Input data
···

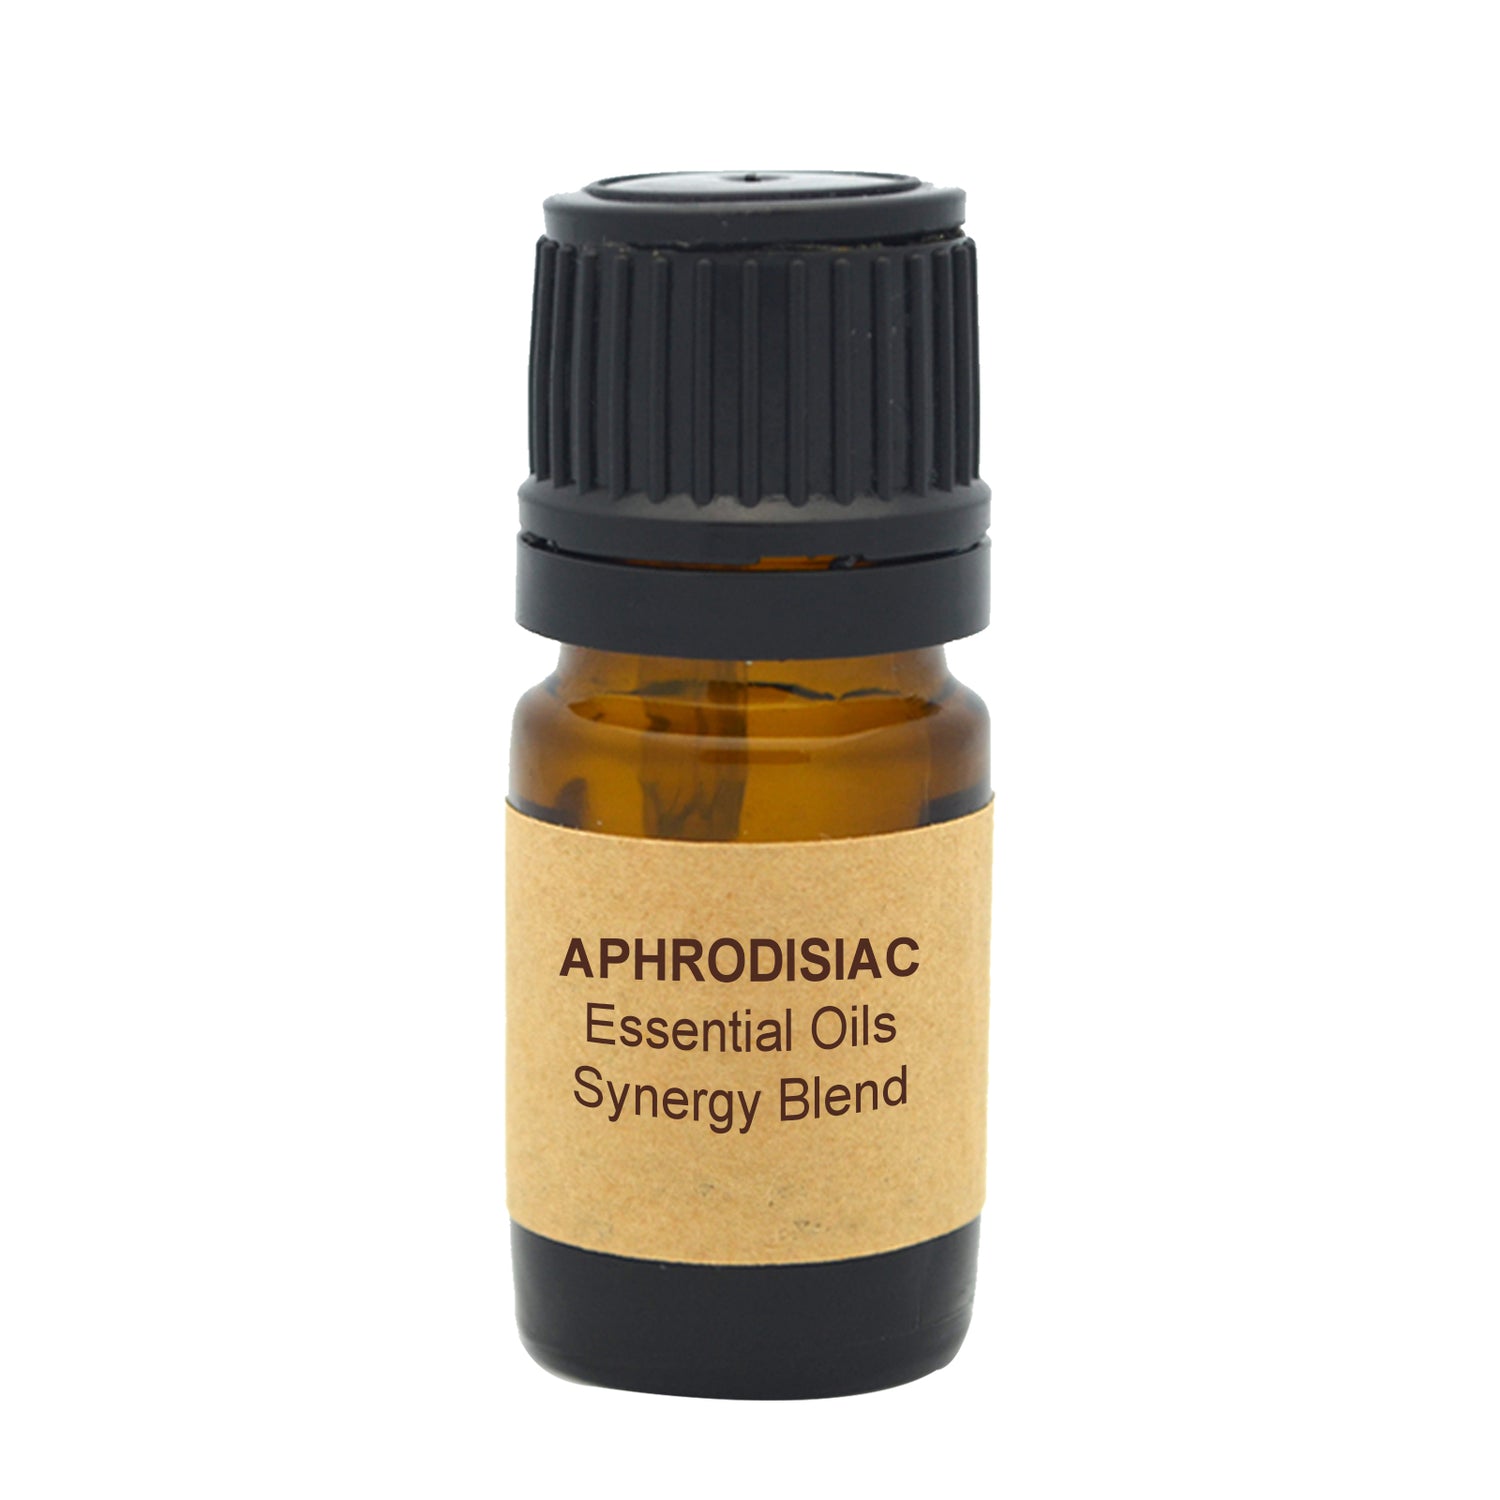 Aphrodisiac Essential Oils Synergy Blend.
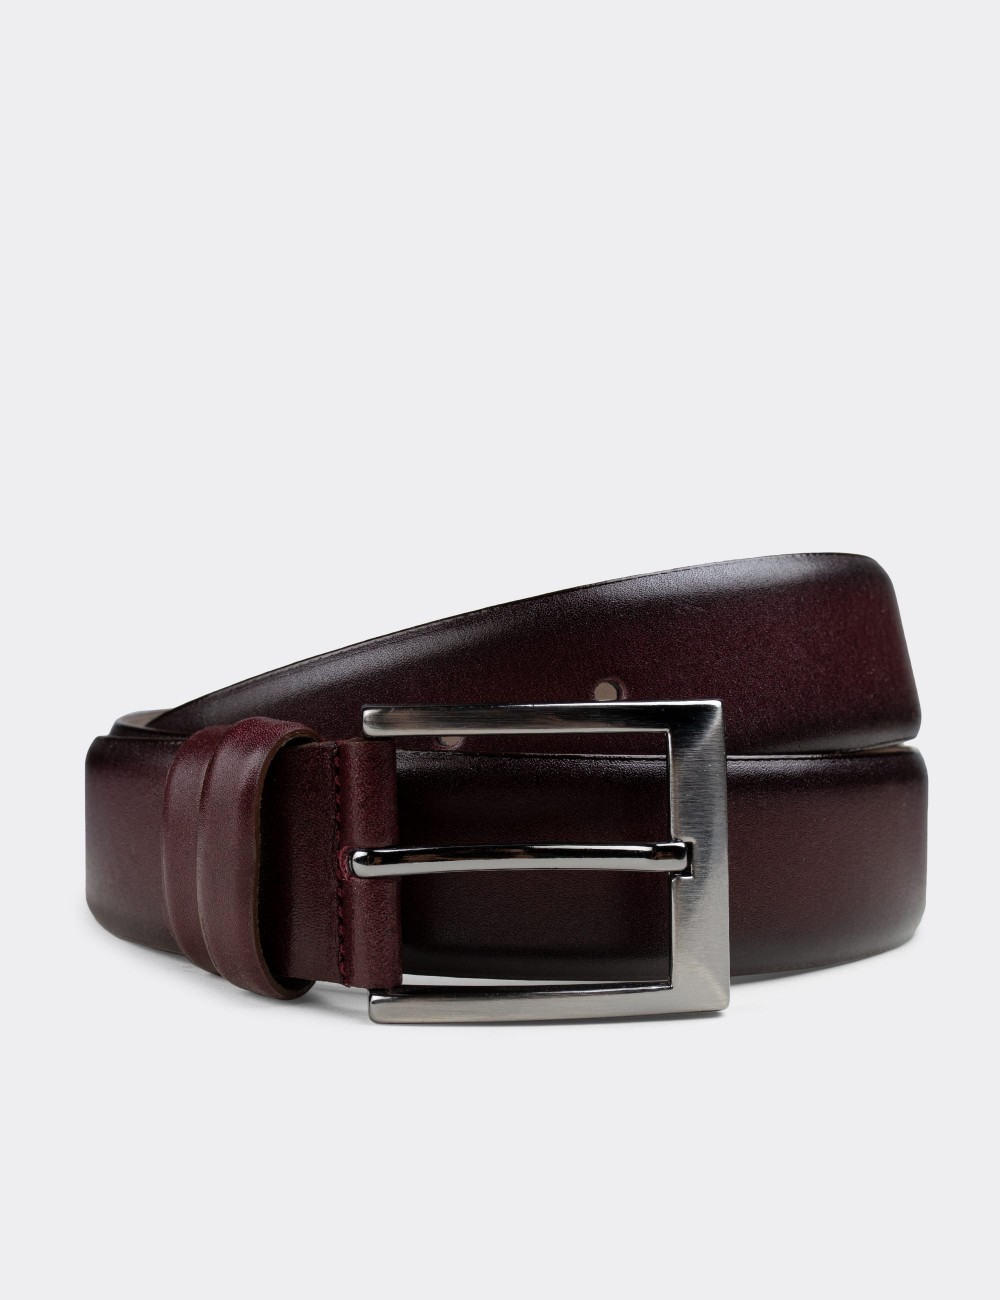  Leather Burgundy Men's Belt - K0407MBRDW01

···

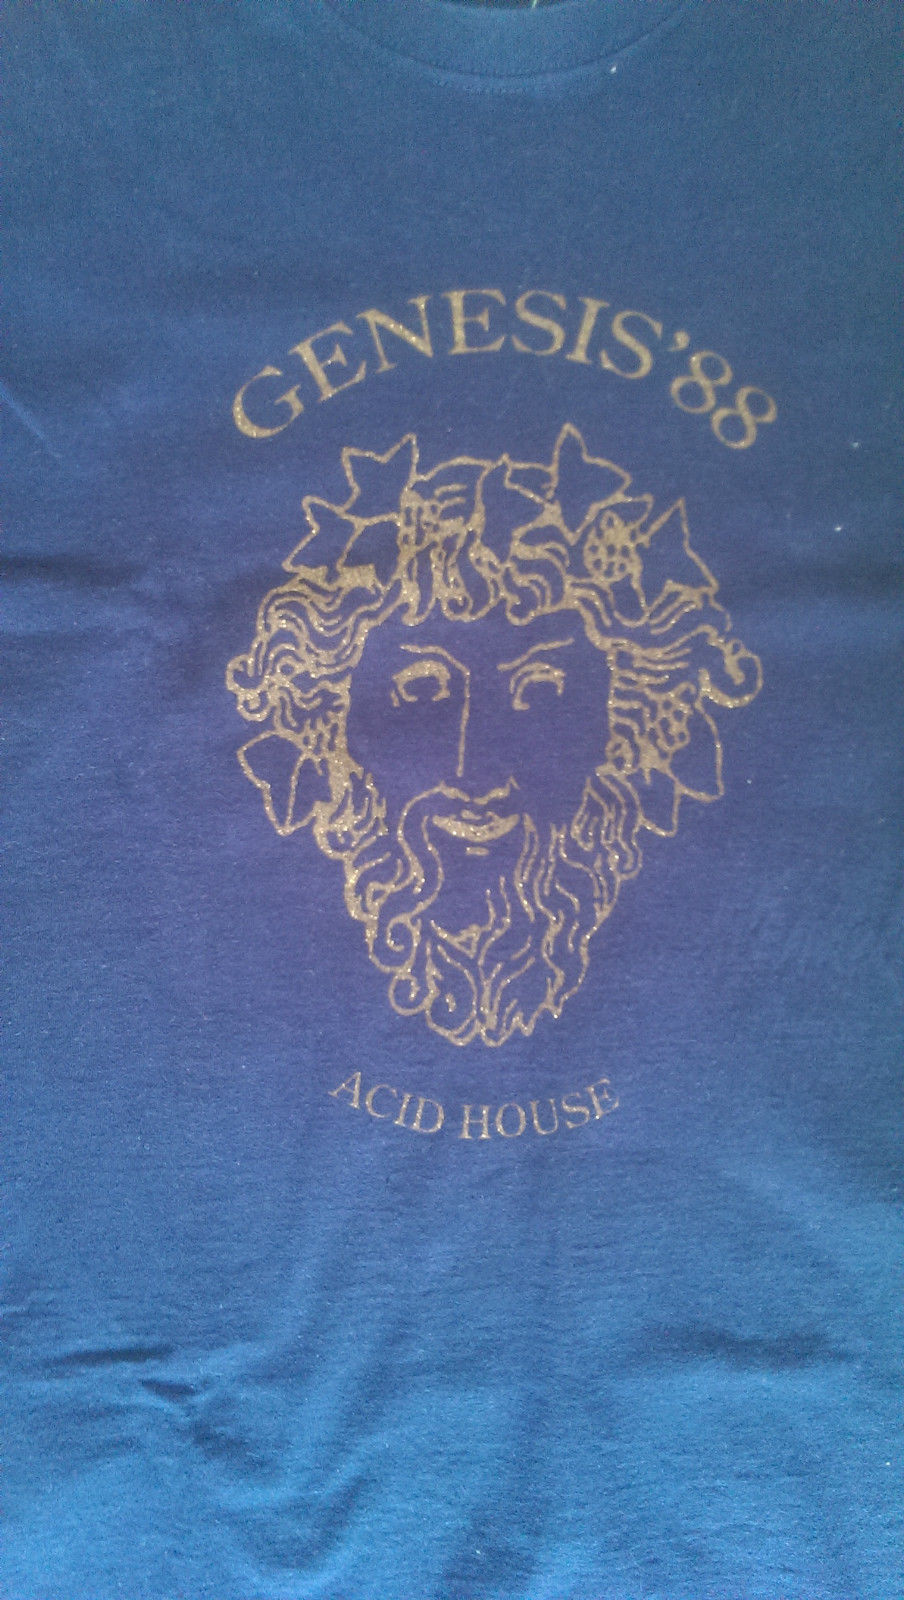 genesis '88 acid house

···

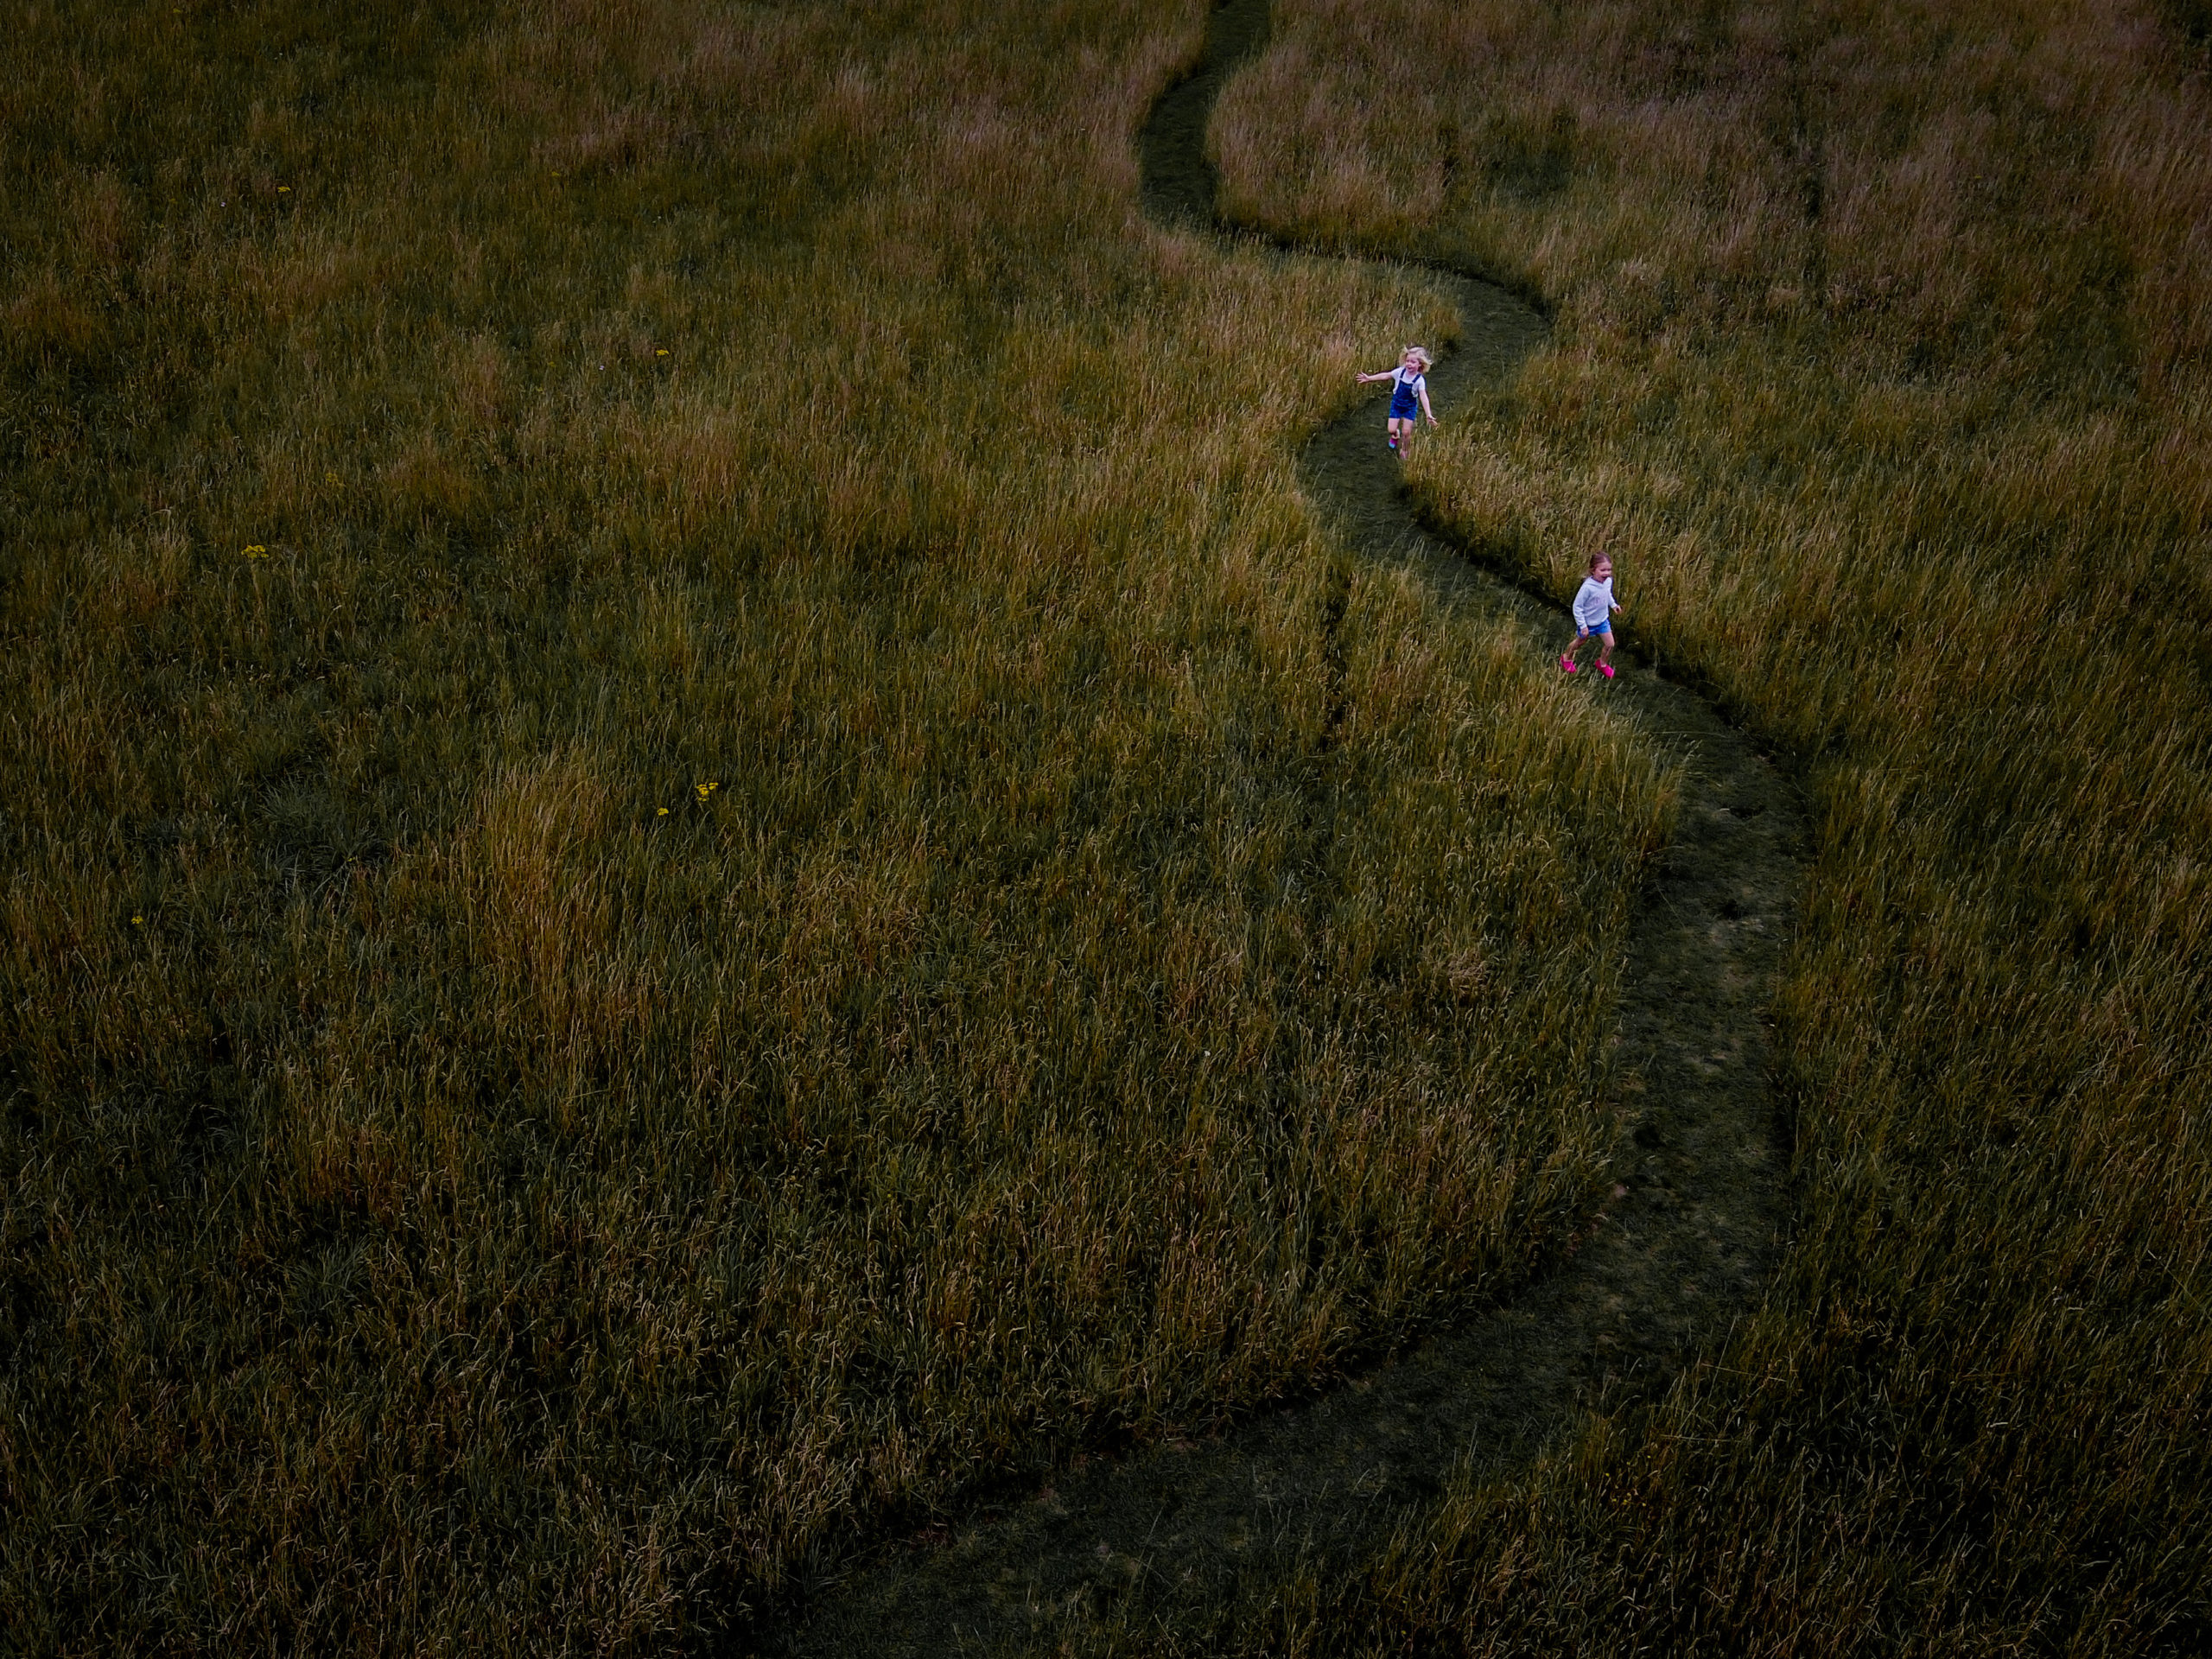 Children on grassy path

···

What the task asks
Above are records; write out the lines from the one with "Aphrodisiac Essential Oils Synergy Blend." down to the one with "Leather Burgundy Men's Belt - K0407MBRDW01", exactly, leaving the pictures out.

Problem solution
 Aphrodisiac Essential Oils Synergy Blend.
  Leather Burgundy Men's Belt - K0407MBRDW01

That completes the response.